Wednesday 29 November 2006

ETHIOPIAN NIGHTS

I am no Scheherezade, but I think that the immortal weaver of magic carpets would have relished this tale as worthy of her famous collection. And, unlike her stories, this one is true [well, maybe a bit embellished].

My mother’s father was a Maronite Christian Arab from the Lebanon. His father was a merchant in Beirut. My grandfather came to England in his late ‘teens or early twenties and settled in Manchester, where he eventually traded as a merchant and shipper of Egyptian cotton.

My grandfather had a Lebanese friend called Chamoun. [That isn’t his real name, but I have changed it because he has descendants living in England.] Chamoun was a nomadic adventurer whose travels eventually took him to Ethiopia [Abyssinia], which in those days –the 1890s – was ruled by Emperor Menelik II [1889-1913], an energetic potentate who successfully repelled Italy’s early designs upon his country by a decisive victory at Adowa in 1896. Chamoun got on so well with the Emperor that he became a very important person at Court. He was even more of a crony to Menelik’s successor, his grandson Lij Yasu, who was nominated Emperor in 1909 some years before his grandfather’s death. Yasu was a dissipated young man, and Chamoun’s daughter, May, was even more intimate with him: so much so that he loaded her with jewels and, it is said, palaces. She was, apparently, only one of his numerous mistresses.

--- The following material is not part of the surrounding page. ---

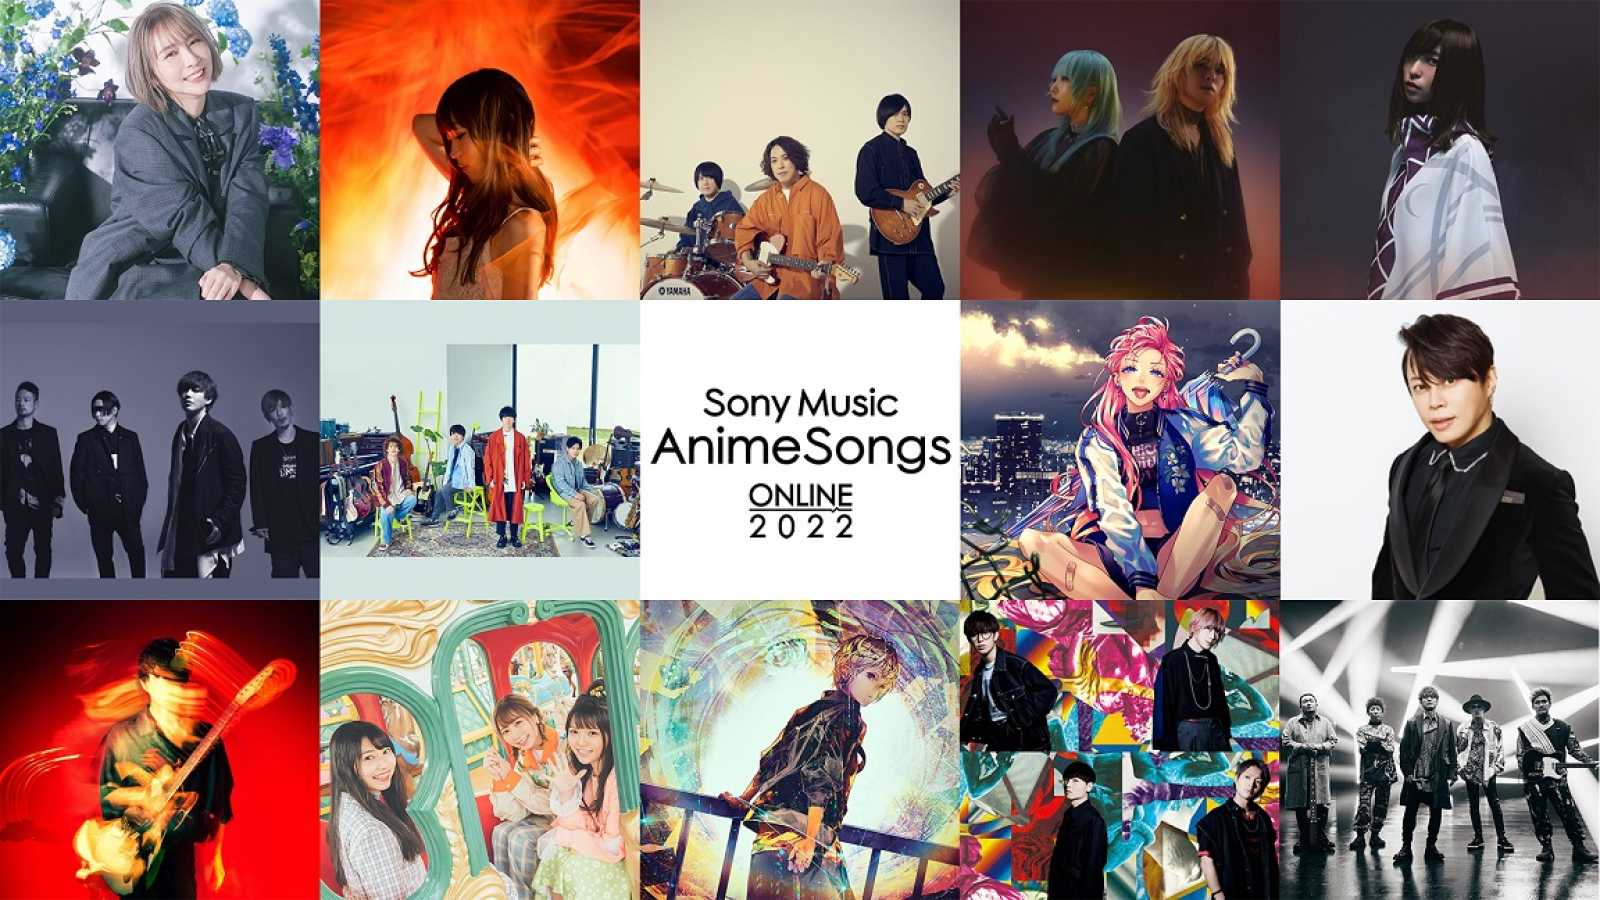 "Sony Music AnimeSongs ONLINE 2022" to Be Live Streamed in 20 Countries © Sony Music Entertainment (Japan) Inc. / Sony Music Labels Inc. All rights reserved

For centuries, Ethiopia had been a Christian enclave surrounded by Muslim lands. As Menelik II wrote to Queen Victoria: I have no intention at all of being an indifferent spectator, if the distant Powers hold the idea of dividing up Africa, Ethiopia having been for the past fourteen centuries, an island of Christianity in a sea of pagans...

Lij Yasu, however, flirted with Islam perhaps from personal inclination because he wished to marry four wives [as well as having a dozen or more concubines], and also because he believed that Germany’s ally Turkey was going to be on the winning side in the Great War. Mounting indignation led to his deposition in 1916, and the following year his cousin the Regent Ras Tafari, who wished to side with the allies and modernise the country, deposed Yasu, eventually becoming Emperor Haile Selassie I in his place.

Menelik had allowed the French, who were strengthening their hold on French Somaliland, to build a railway between the Ethiopian capital, Addis Ababa, and the French port of Djibouti which was Ethiopia’s only direct outlet to the coast. Yasu had made Chamoun the Collector of Customs at the border station, and when the revolt against him occurred he instructed Chamoun to decamp to Djibouti with as much money as he could carry from the treasury. Apparently the French didn’t think much of Chamoun, so they promptly abducted him, his wife and daughter to France, where they were interned – so family legend has it; is this bit too good or too bad to be true? - in a disused public lavatory until the end of the war! My grandfather was distressed by their plight, and pulled enough wires to eventually secure their release and settle them in Manchester, where he set up Chamoun in a tobacconist’s business.

May’s main preoccupation during the 1920s and ‘30s was badgering Haile Selassie in a vain attempt to get back some of “her” royal jewellery, and the odd palace! She didn’t have any luck. She was always a larger-than-life size drama queen. She married, had a son of about my age, and when he was four or five years old the marriage broke up. Her husband kidnapped the child, who was recovered by the police. May brought the child to my parents’ south Manchester suburban house, which was besieged by the press, and pictures were taken of the child in our garden sitting astride one of my toys, a lifesize St. Bernard rocking horse dog. When he learned of this, my father went ballistic and rushed hot-foot to the newspaper offices threatening them with legal proceedings if they published anything which would identify us [for fear of my being snatched by mistake]. So next morning the paper came out with a picture of the child sitting astride thin air, the dog and the garden having been completely blacked out!

All of this – or something like it – really happened. Would the tale have earned me a reprieve from the Sultan?

3 comments:

Anonymous said...

A reprieve? Who knows? However, it most probably would have earned you the equivalent of $200 if you hadn't first published it here, and had here:

http://www.commonties.com/blog/submit-a-story/

Do another one.

anticant said...

Dr Johnson said "only a blockhead writes except for money". I'm a blockhead.

Anonymous said...

Never mind the money. Donate the money. Do it to help a poor little web site wot hasn't got no good stuff.